Sarkosyl and Ni-NTA - (Feb/09/2012 )

Hi all,

I work with a 50KDa his tagged protein (cloned in pET 28 and pET Sumo) that is overexpressed in Rosetta cells. I have a solubility and purification problem.The protein is only soluble (partially) in the presence of 0.3% of Sarkosyl (I've tried different concentrations of IPTG, different temperatures, and different pHs in the lysis buffer). However, with sarkosyl the protein does not bind to Ni-NTA. I've tried to dialyze the lysate but it didnt work. I' ve heard about adding triton and chaps to the lysis buffer to make the protein bind to the colunm in the presence of Sarkosyl. The protein bound indeed, but then it doesnt come out, not even with the addition of EDTA! I already tried to express the protein in pMAL vector, but I had the same problem.

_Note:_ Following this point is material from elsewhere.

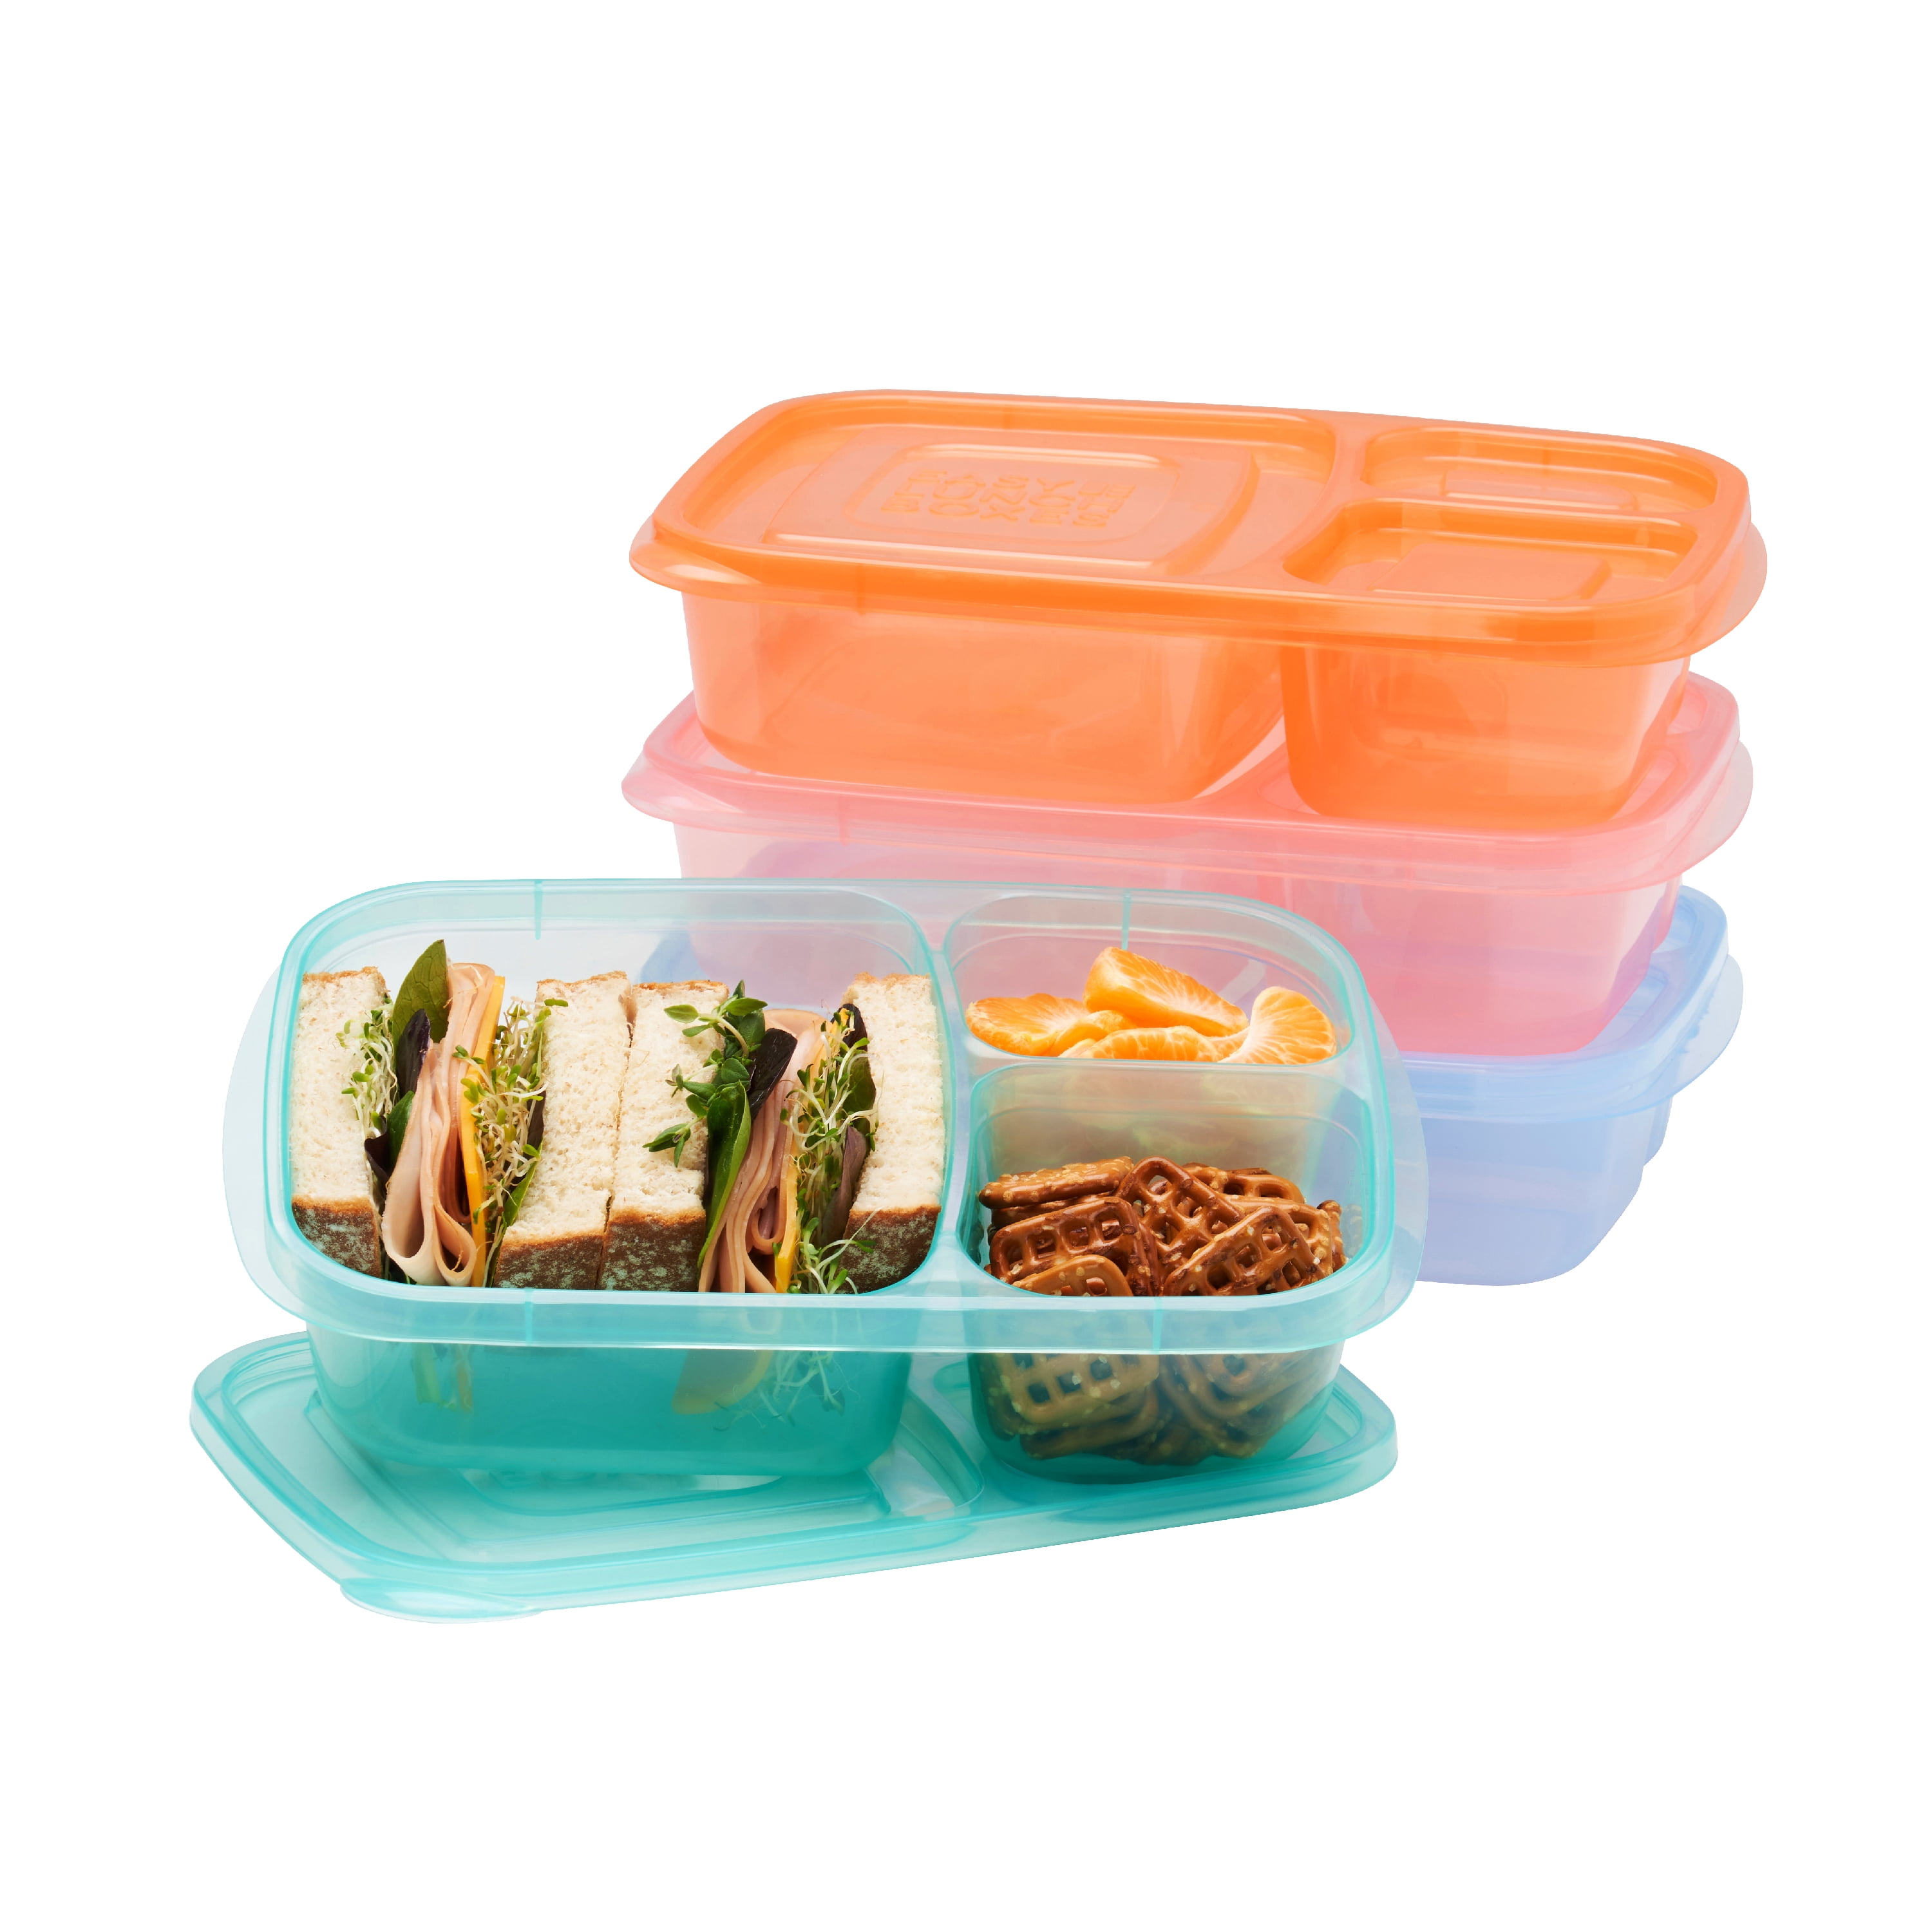 Easylunchboxes - Bento Lunch Boxes - Reusable 5-Compartment Food Containers for School, Work, and Travel, Set of 4 (Classic)

I'm expressing the protein with 1mM IPTG for 3 hours at 37C. My lysis buffer: 50mM Tris-HCl pH 7, 500mM NaCl,0.3% Sarkosyl and protease inhibtors, then I sonicate the cells.

Any of you gurs have an idea of what can I do to purify the protein? I will need the protein for crystallization assays.

Thanks in advance!

Teka

is the native protein insoluble or only the expressed protein?

you can solubilize by denaturing with urea, purify with ni-nta then refold by dialysis.